Outro ponto polêmico trata sobre as regras que determinam o procedimento de remoção de conteúdo e responsabilidade de provedores. A análise localizou poucas situações em que prestadores de serviços foram punidos em função de conteúdo postado por terceiros, previsto no Marco Civil.


“Falta, ainda, maior compreensão do Judiciário para questões chave relacionadas justamente ao funcionamento e à dinâmica da internet”, salientou Perin Filho.


Confira alguns trechos do estudo, que pode ser lido na íntegra aqui, associados aos problemas encontrados:


Remoção de conteúdo
Trecho: “Com relação à identificação clara e específica do conteúdo apontado como infringente definida no artigo 19, parágrafo 1º, observamos que a tendência que o judiciário vem adotando é a de indicação de URLs (endereço para páginas na web) do conteúdo, quando este está disponível na rede. Contudo, o MCI não especifica exatamente a maneira como isso deve ser feito, ficando a critério dos juízes”


Desenvolvimento e acesso à internet
Trecho: “A ARTIGO 19 não identificou avanços para a efetivação da essencialidade do serviço de internet para os brasileiros, desde que o MCI entrou em vigor. Não houve tentativa de oficializar que os serviços de internet sejam tratados como essenciais, como mencionado acima, o que poderia garantir a universalização.


Não foram identificados avanços significativos no estabelecimento de mecanismos de governança multiparticipativa em outros âmbitos além dos já existentes anteriormente ao Marco Civil da Internet


Privacidade
Trecho: “Importante ressaltar que ainda não identificamos iniciativas para que o consentimento fosse dado de maneira livre, expressa e informada, de forma destacada ou mesmo independente do resto dos termos de uso. O usual ainda é a aceitação através de um único “botão” que abre sobre os termos de uso, cobrindo todos os temas que estão nele dispostos.


Sobre o efeito nulo das cláusulas contratuais que impliquem ofensa à inviolabilidade e ao sigilo das comunicações privadas pela internet, a ARTIGO 19 não identificou avanços no tema.
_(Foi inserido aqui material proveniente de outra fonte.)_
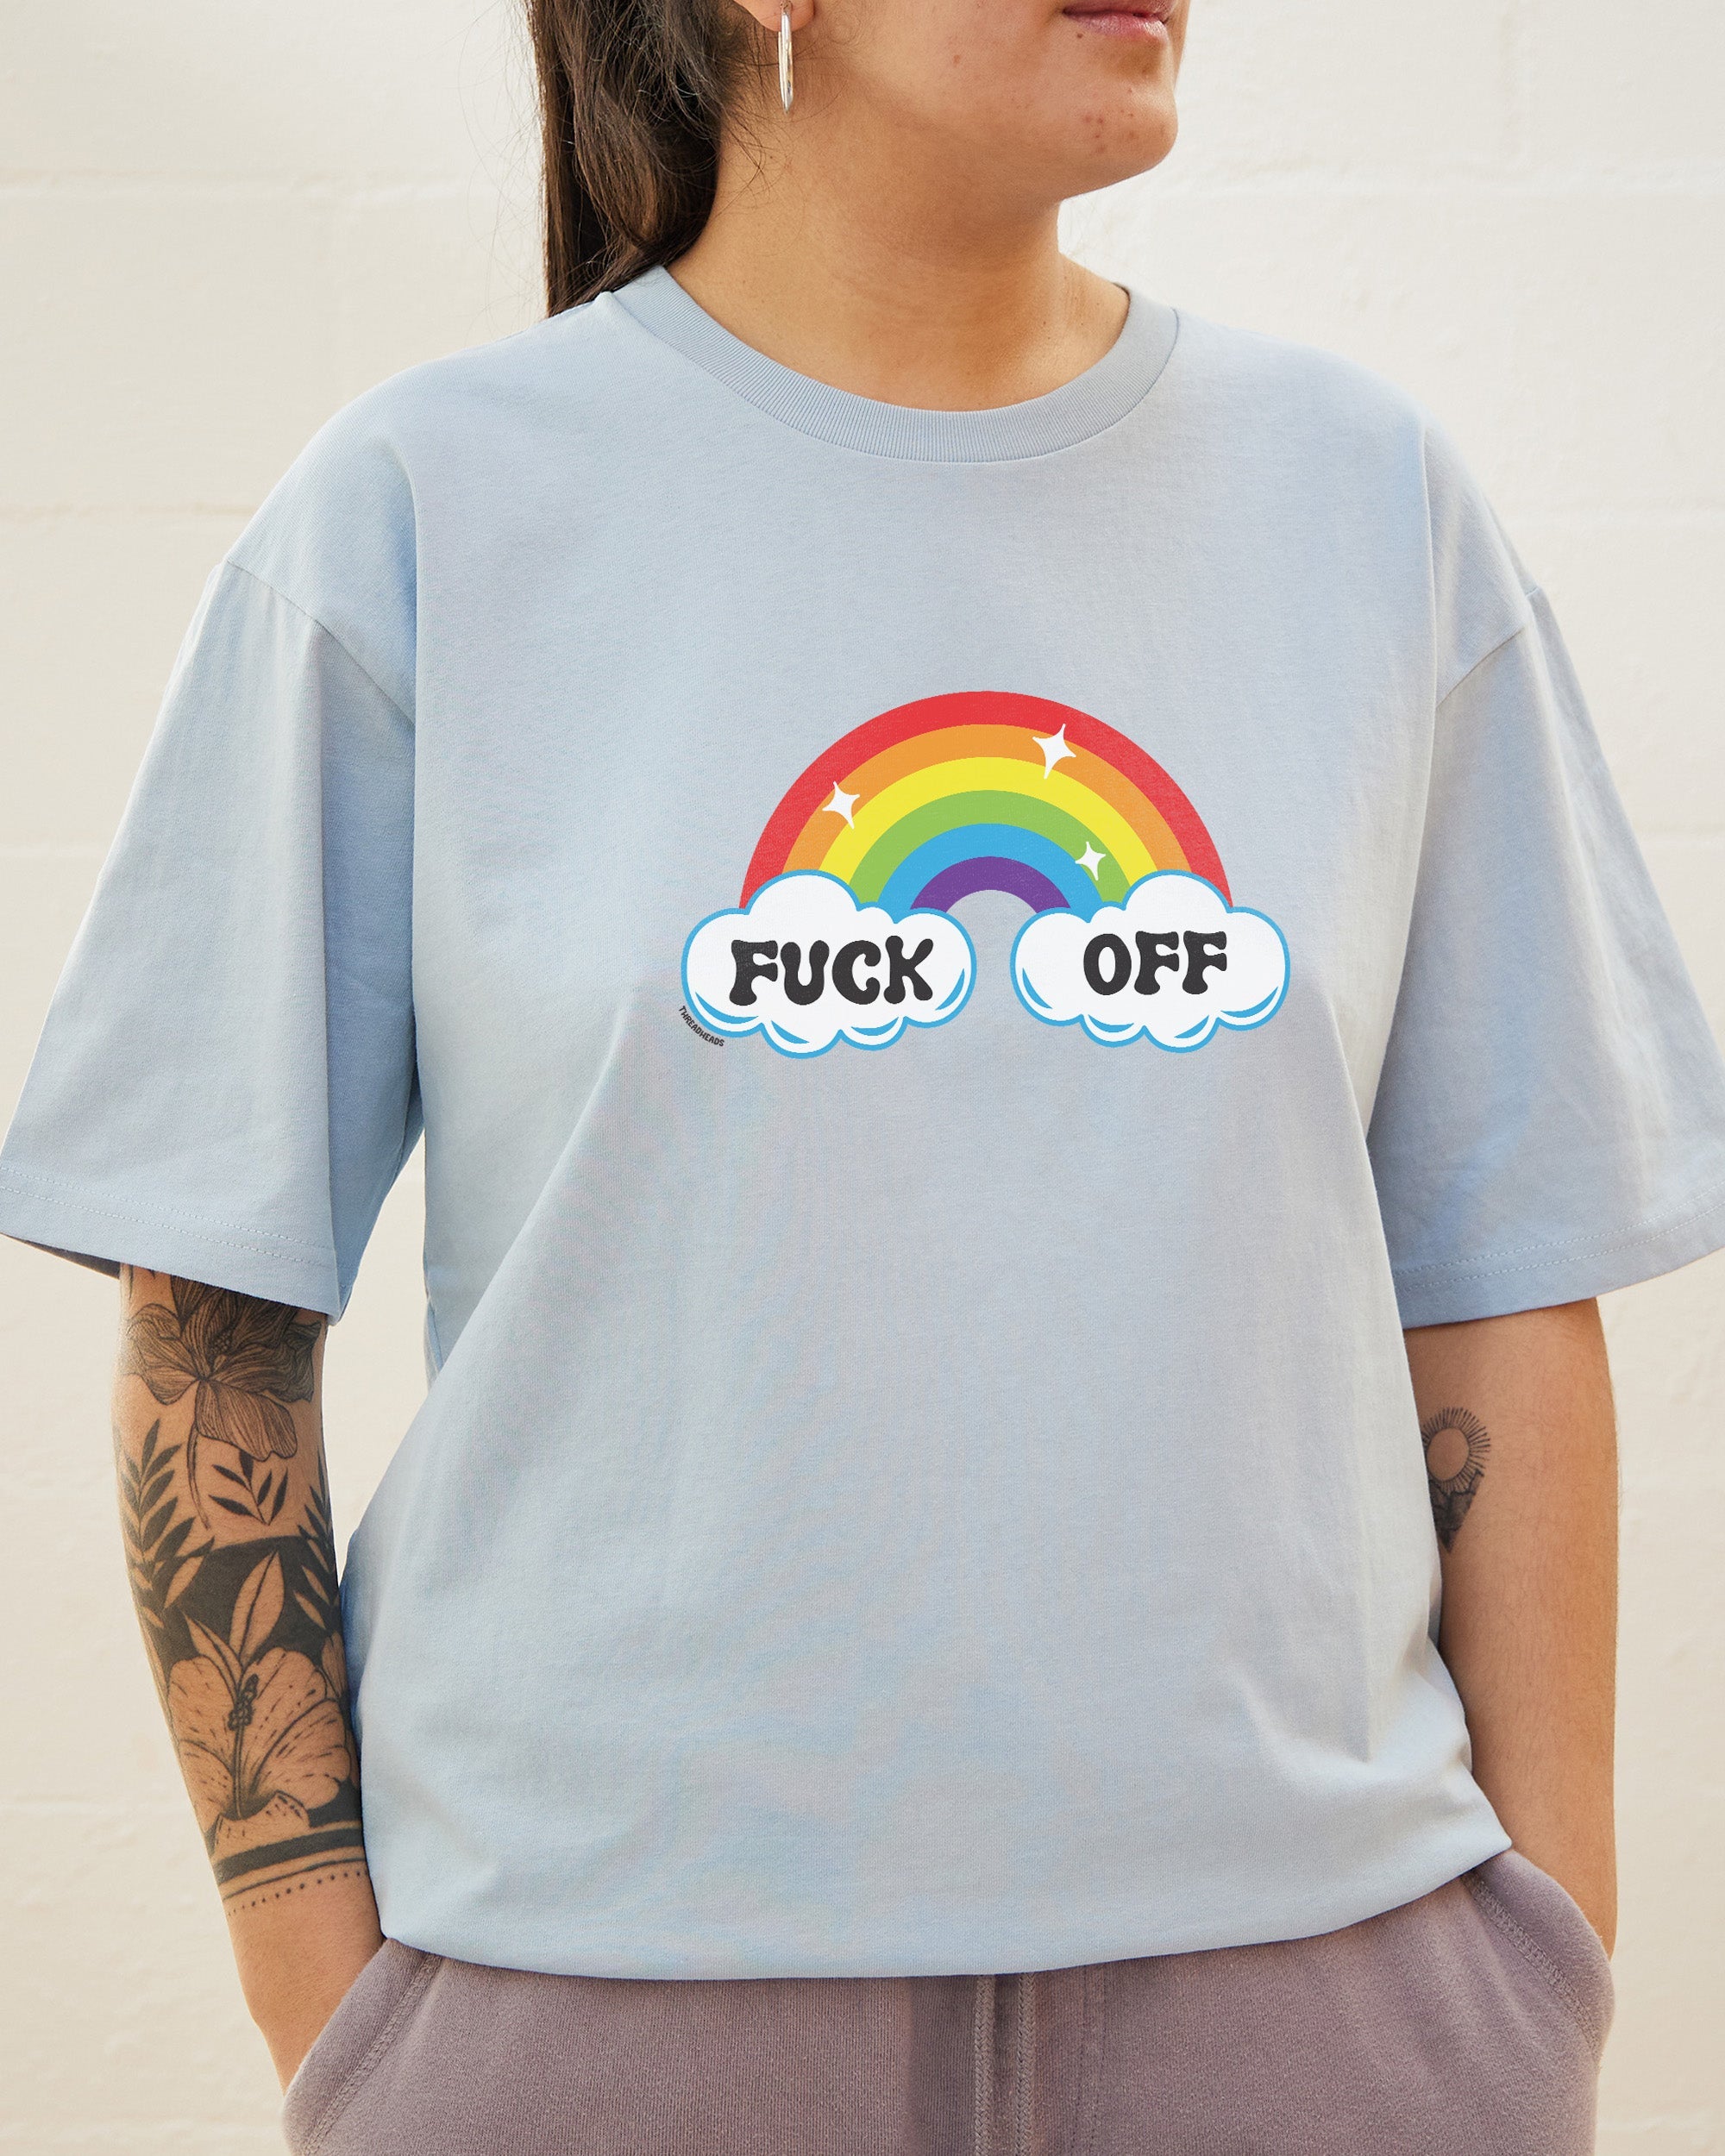 Fk Off Rainbow T-Shirt Australia Online Pale Blue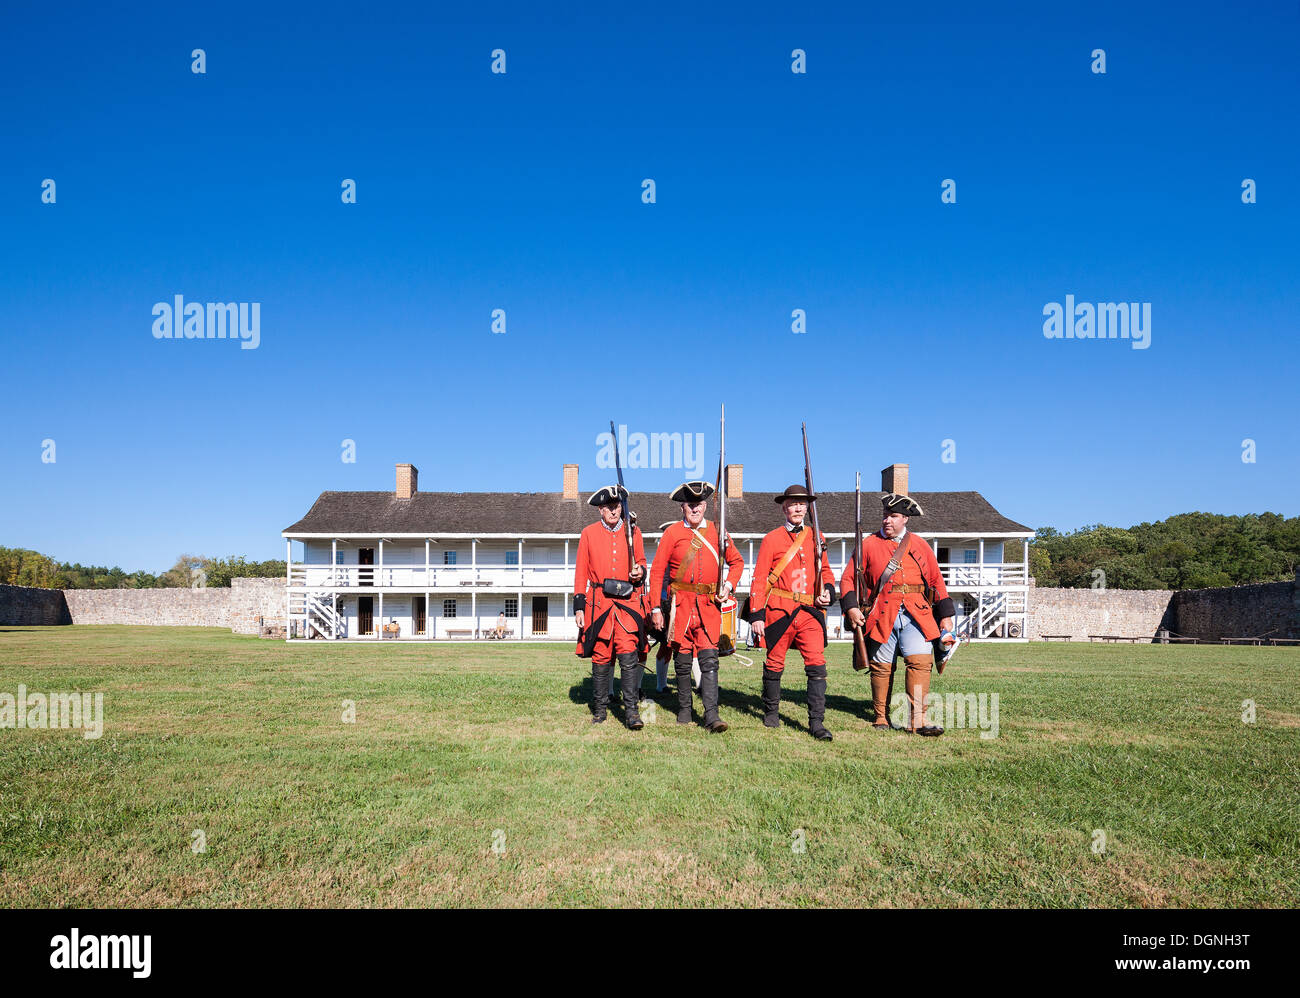 Vida diaria histórica del siglo XVIII en Fort Frederick, Maryland. Los voluntarios de marzo con uniformes de la época y mosquetes. Este cuartel. Foto de stock

Uma questão ainda bastante controversa é a da publicidade dirigida em provedores de aplicações. Alguns mecanismos são relacionadas a cookies e, portanto, são mais facilmente contornados pelos usuá- rios através da exclusão ou bloqueio. Porém, ainda há serviços que exigem que você aceite a publicidade dirigida para poder fazer uso da plataforma como, notadamente, Google e Facebook, que leem os conteúdos de e-mails e mensagens privadas para prover melhores serviços de publicidade – fato que está presente inclusive em seus termos de uso”.


Neutralidade da rede
Trecho: “A ARTIGO 19 consultou os contratos de prestação de serviço de quatro grandes provedoras de internet fixa no Brasil – LiveTIM, GVT, Vivo Speedy e NET Virtua – e não identificou nenhuma menção à práticas de gerenciamento e mitigação de tráfego adotadas ou à inexistência delas. A ARTIGO 19 também não encontrou avanços no tratamento de forma isonômica a quaisquer pacotes de dados, sem distinção por conteúdo, origem e destino, serviço, terminal ou aplicação. Atualmente no Brasil, os serviços de Banda Larga 3G e 4G estão funcionando com o chamado zero rating – TIM e o aplicativo de mensagens WhatsApp e a rede social Twitter; Claro, o WhatsApp e as redes sociais Facebook e Twitter. A prática já é consolidada pela Tim e teve adesão recente da Claro, que havia retirado seus acessos não-pagos dos seus planos de internet móvel


Outros direitos
Trecho: “Não foi possível identificar avanços significativos na questão de acessibilidade a todos os interessados, independentemente de suas capacidades físico-motoras, perceptivas, sensoriais, intelectuais, mentais, culturais e sociais. A grande maioria dos portais do governo em todas as esferas, judiciário e legislativo não possuem ferramentas e design acessível para todos os tipos de interessados. É contraditório e preocupante que, inclusive, as plataformas de consulta de regulamentação do Marco Civil da Internet não possuíssem acessibilidade. Tampouco foi possível observar mudanças nas práticas de preservação da estabilidade, segurança e funcionalidade da rede.